▶ _PROBLEM DESCRIPTION_: What is needed is an exact repeat of the lines from the one holding "Drawer Base Cabinet" through the final line of the data, with no pictures.

▶ _INPUT DATA_:
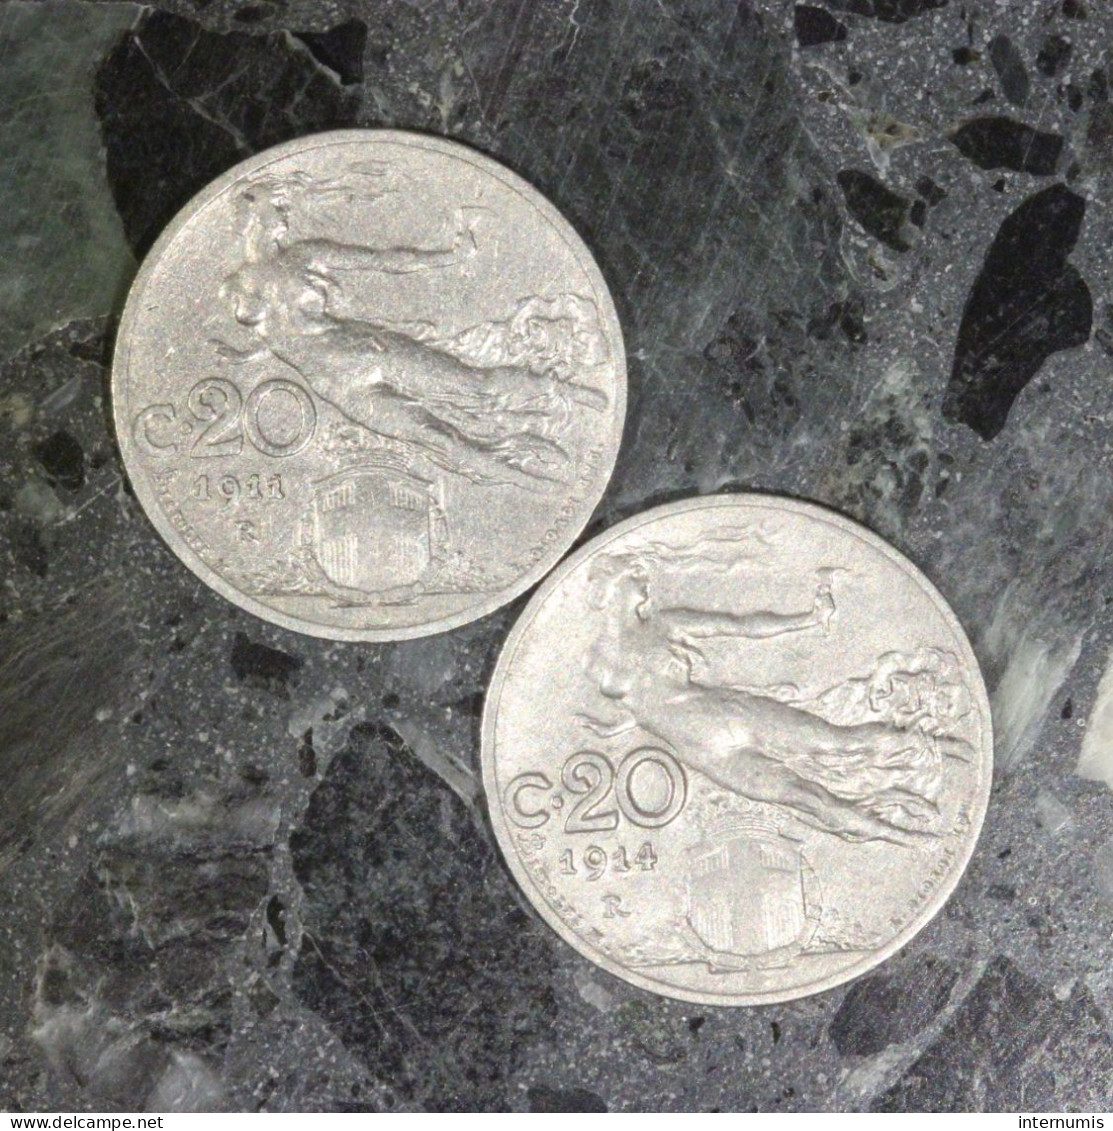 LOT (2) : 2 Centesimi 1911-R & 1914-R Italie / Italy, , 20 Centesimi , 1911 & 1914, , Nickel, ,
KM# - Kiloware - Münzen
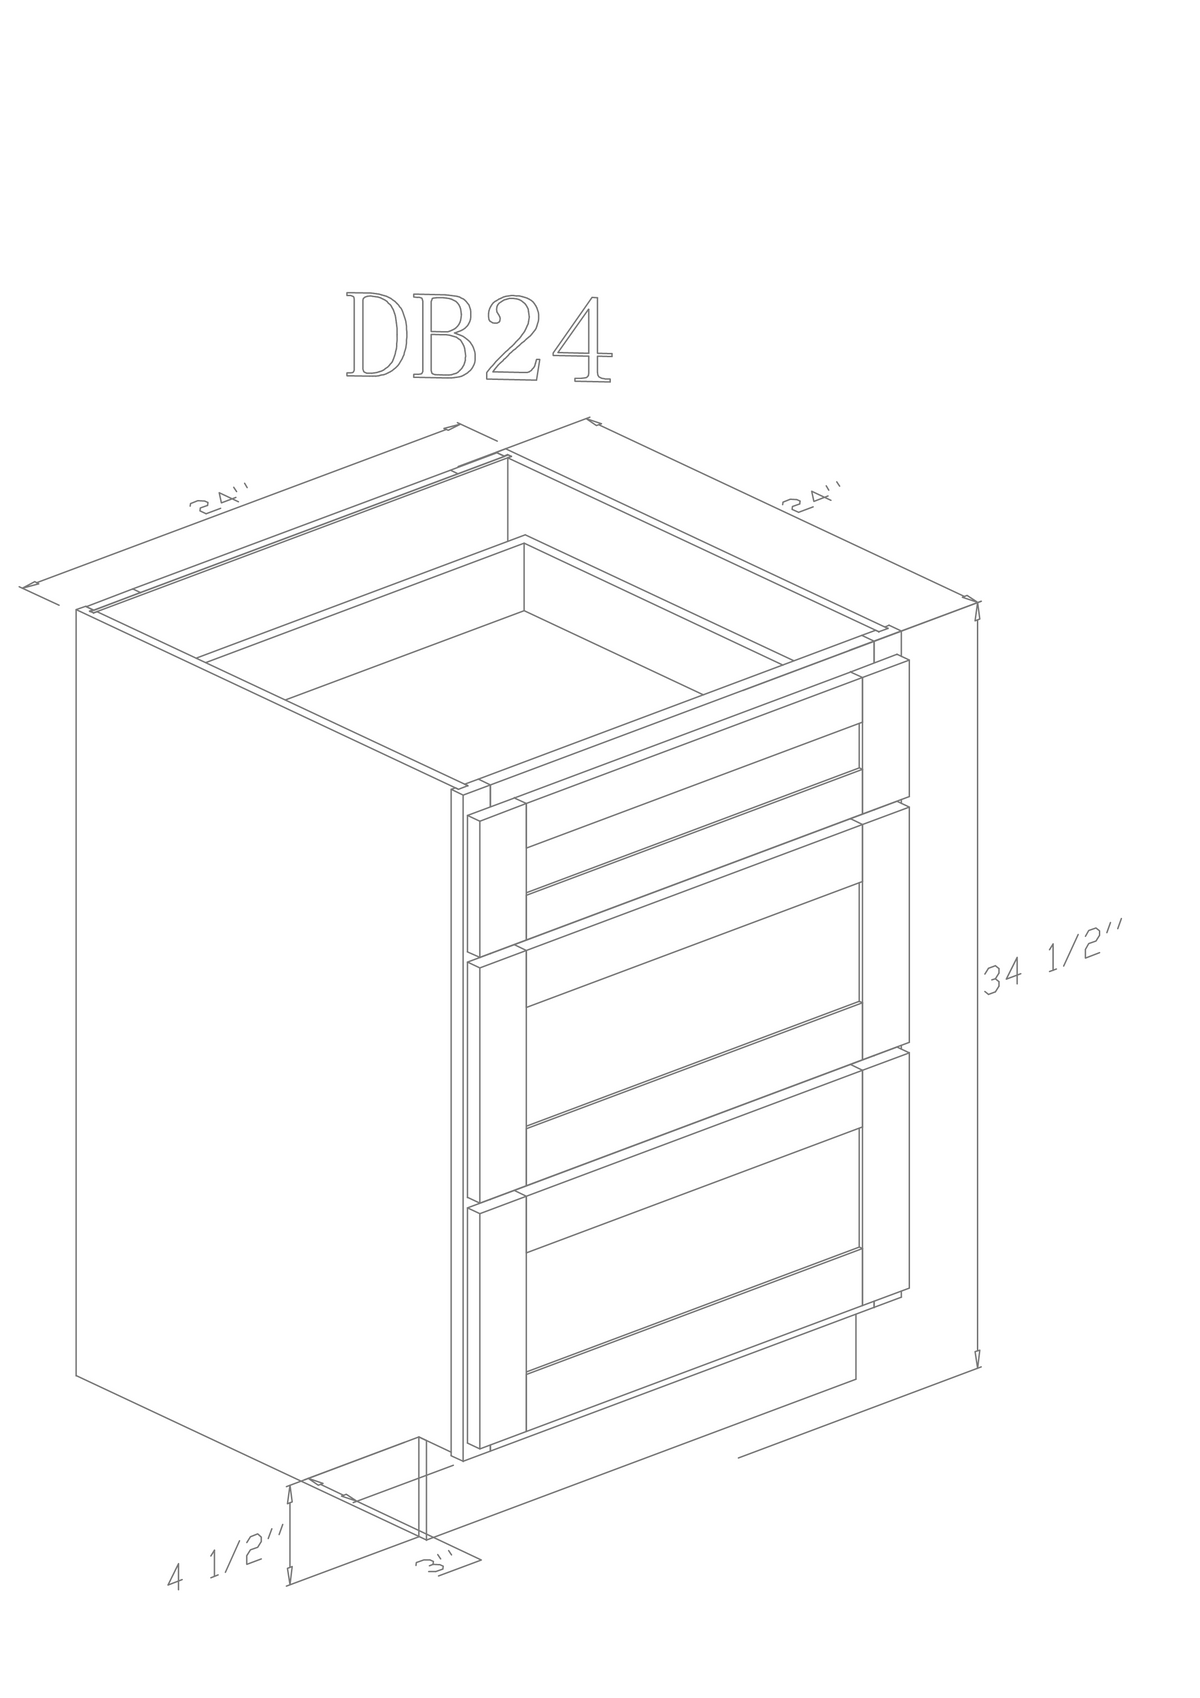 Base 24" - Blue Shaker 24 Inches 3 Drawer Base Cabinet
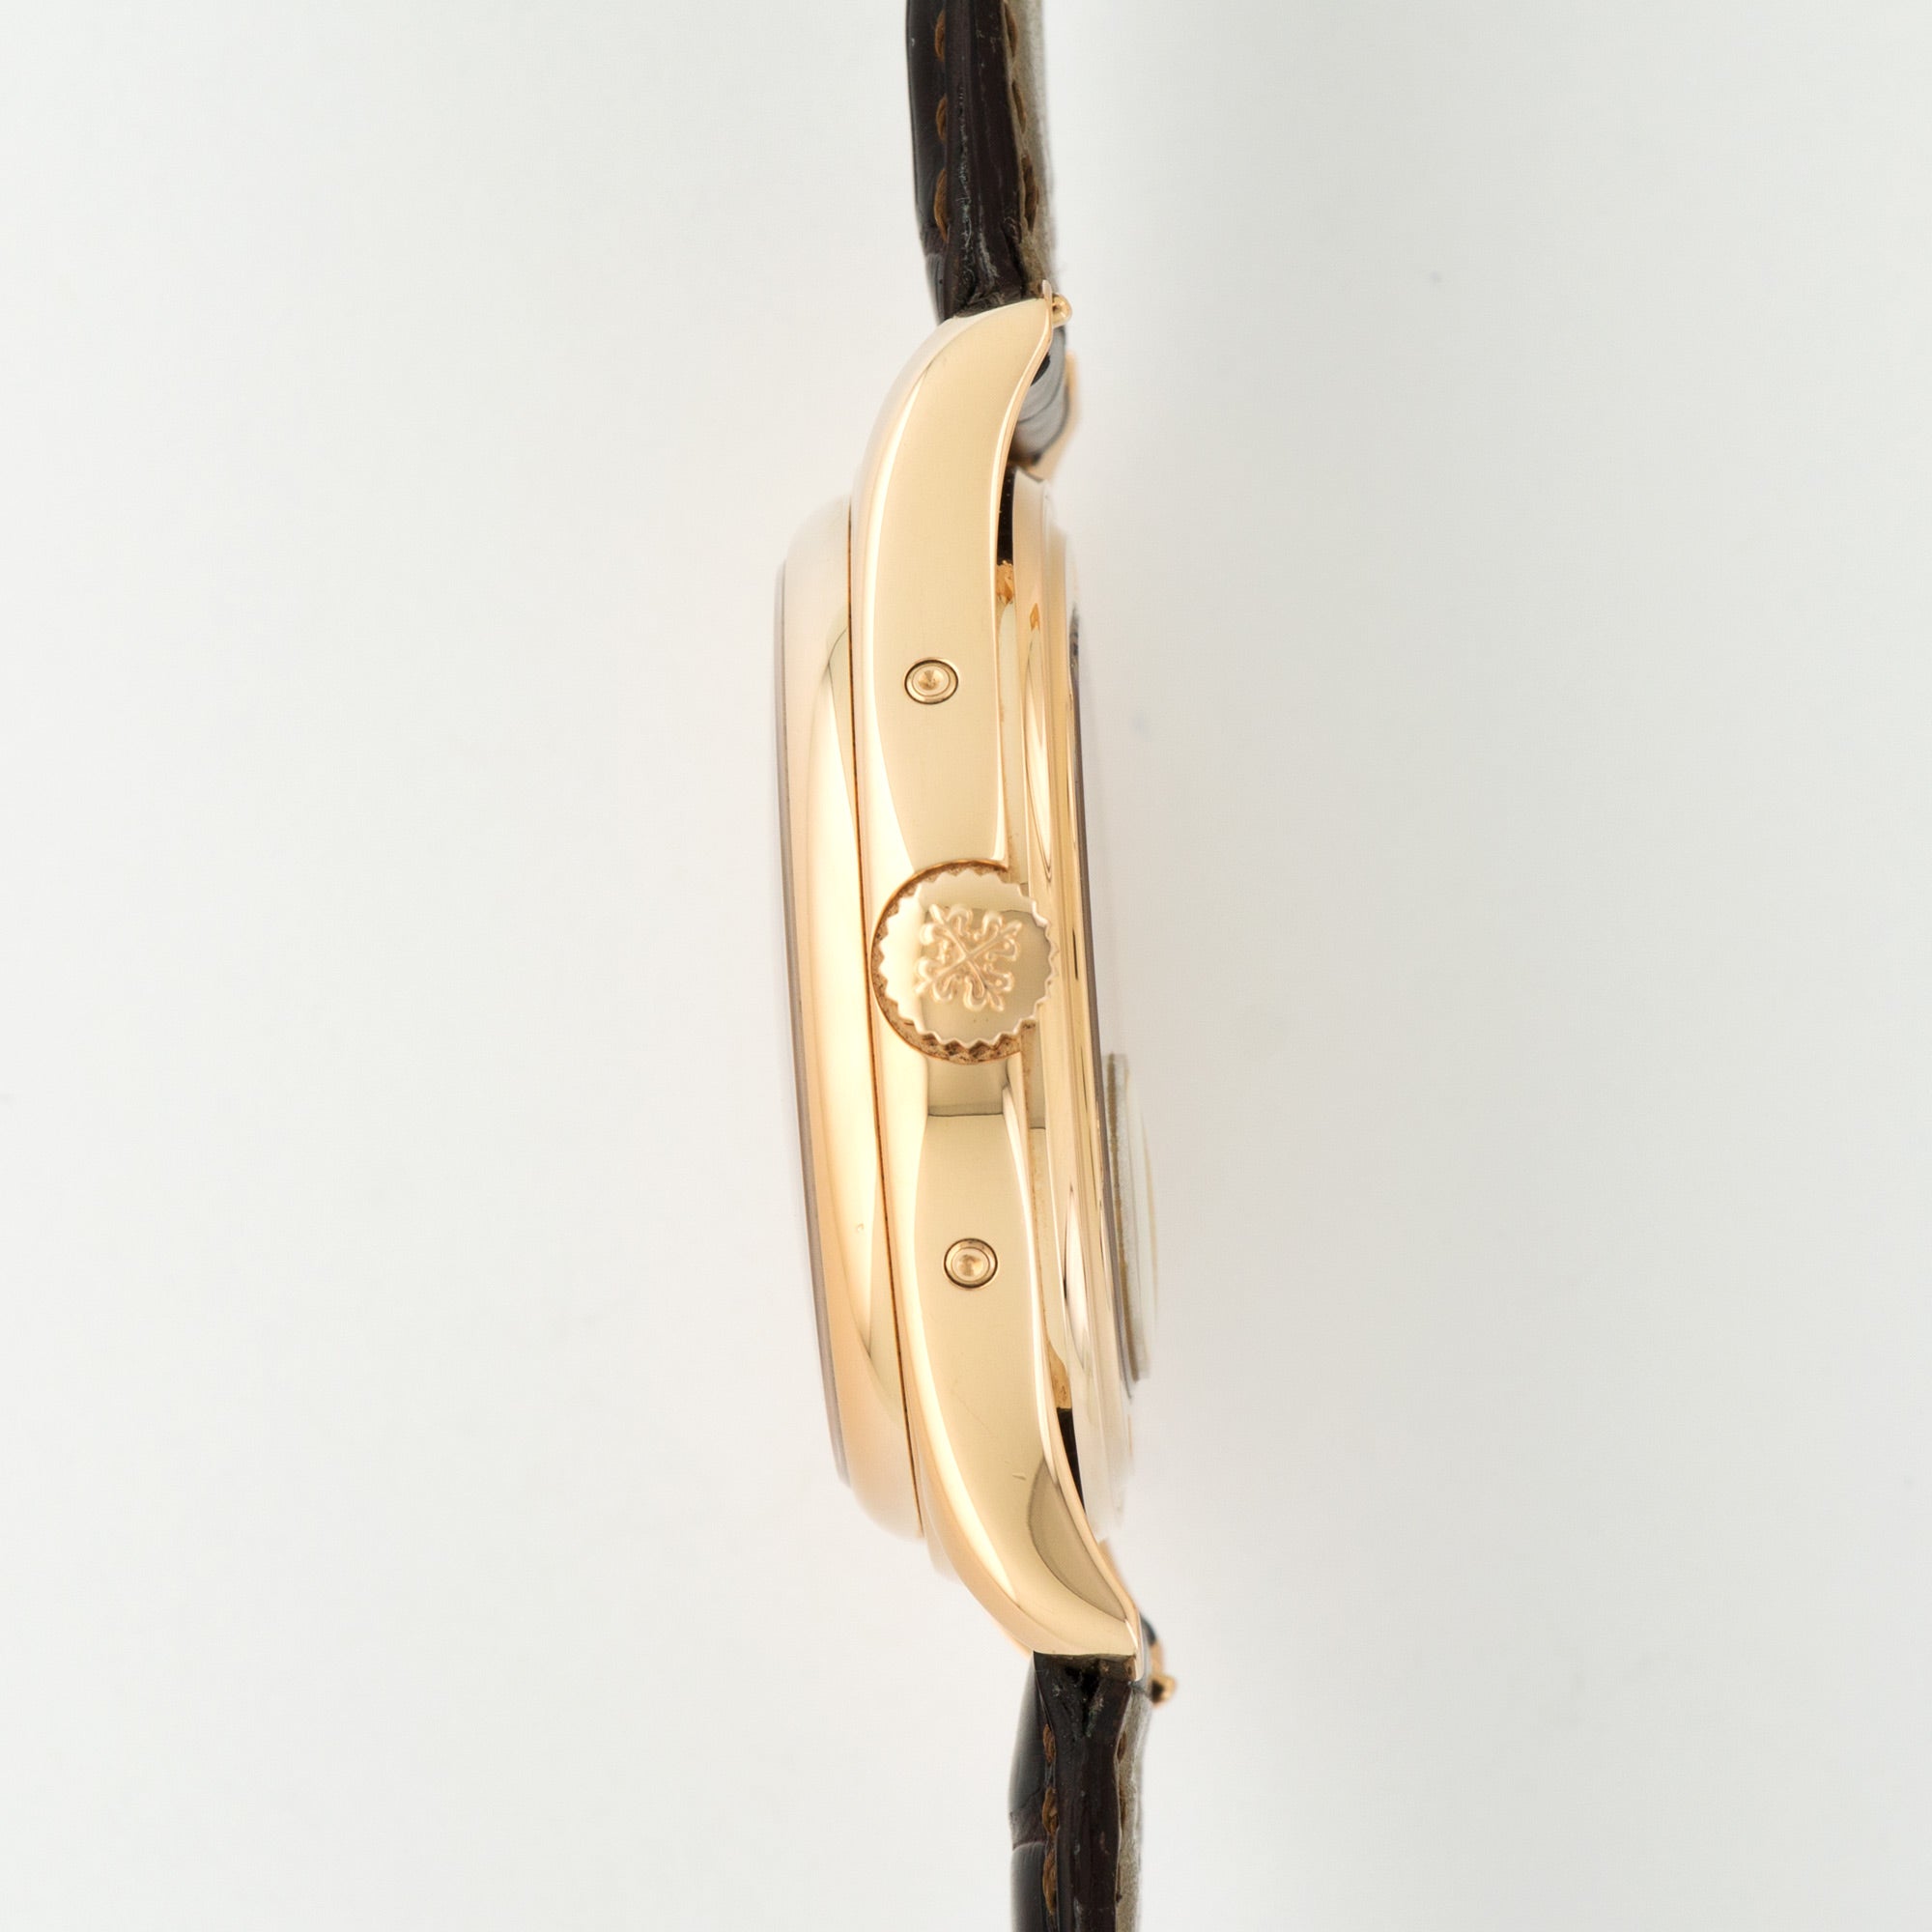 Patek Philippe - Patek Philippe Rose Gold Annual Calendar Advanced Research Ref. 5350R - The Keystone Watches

▶ _TASK RESPONSE_:
 Base 24" - Blue Shaker 24 Inches 3 Drawer Base Cabinet
 Patek Philippe - Patek Philippe Rose Gold Annual Calendar Advanced Research Ref. 5350R - The Keystone Watches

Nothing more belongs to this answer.